The concentration of PEI/pDNA or Lipo2000/pDNA complex in the modified method was about 3.57 times that in the standard method. We wondered whether the standard transfection with the same complex concentration as that in modified method can also provide higher transfection efficiency. However, most of the cells died in these cases (Figure 4C; PEI-S2 and Lipo-S2). It demonstrated that the simple increase of complex concentration brought higher cytotoxicity instead of higher transfection efficiency.
Application of the modified method on the transfection of different cell strains
Based on the aforementioned outcomes, we concluded that the optimal procedure for the modified transfection method contained four steps (Table 1).
Table 1 Optimal procedure for the modified transfection method
Further, we wanted to know whether the modified method can be widely used to transfect different cell strains. As confirmed by both FACS (Figure 5A and B) and luciferase activity assay (Figure 5C and D), for each cell strain, the modified method greatly improved the transfection efficiency mediated by PEI (Figure 5A and C) and Lipo2000 (Figure 5B and D). The cell strains included different cancer cells (AGS, Hela, Hep G2, SMMC-7721, MCF-7, and 4T1), normal cells (C2C12, L6, and NIH/3T3), embryonic stem cells (R1), and even primary skin fibroblasts (primary). The cell strains can also be divided into human (AGS, Hela, Hep G2, MCF-7, and primary), rat (L6), and mice (C2C12, NIH/3T3, and R1) cells. The results indicated that the modified method was suitable, at least, for PEI and Lipo2000 in gene transfer into a wide range of cell strains.
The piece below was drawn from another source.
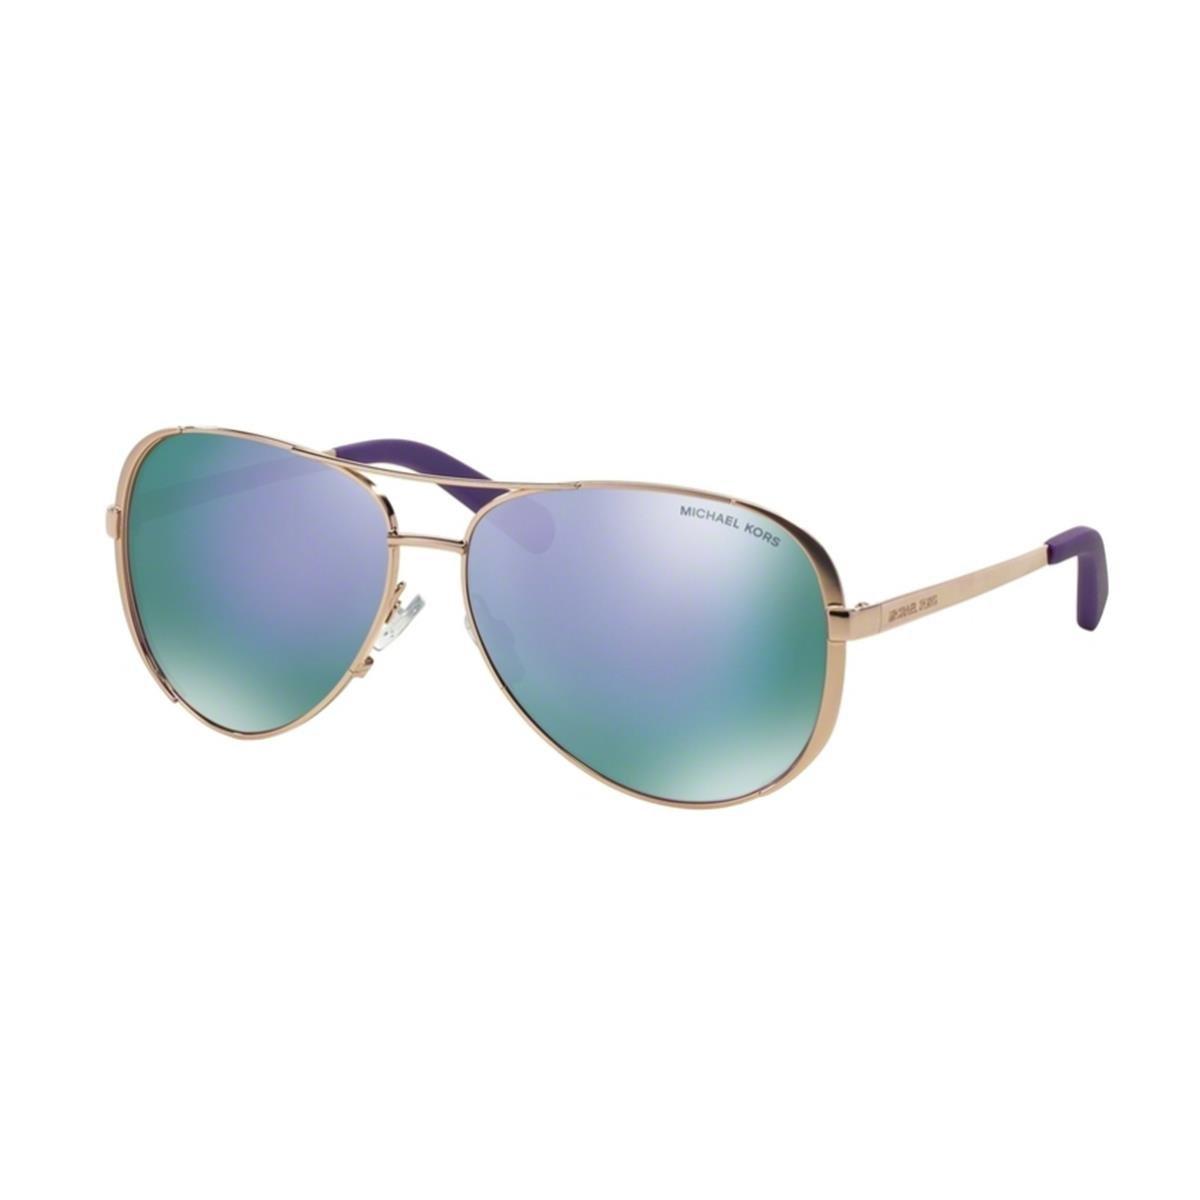 b847fa23083 Michael Kors MK5004 Chelsea Sunglasses Gold Purple  Amazon.com.au  Fashion

Internalization course of PEI/pDNA polyplex
By monitoring the internalization course of PEI/pDNA polyplex, we hope to find some clues to explore the reason why the modified method had better performance on gene delivery. As shown in Figure 6, in the modified procedure, the polyplexes attached to cell membranes from 0.5 hour penetrated into the cells from 1.0 hour to 1.5 hours and dispersed within the cytoplasm/nucleus from 1.5 hours to 2.5 hours after transfection. In the standard procedure, the attachment/penetration was a slower kinetics process within 2.5 hours, and the dispersion of the polyplexes in the cells took place 2 hours after transfection. The results indicated that the modified method provided a more active kinetics process for the polyplex internalization than that in the standard method. Meanwhile, the proportion of fluorescent cells in the modified transfection was higher than that in the standard method. This may be the reason why the modified method provided higher transgene expression than the standard.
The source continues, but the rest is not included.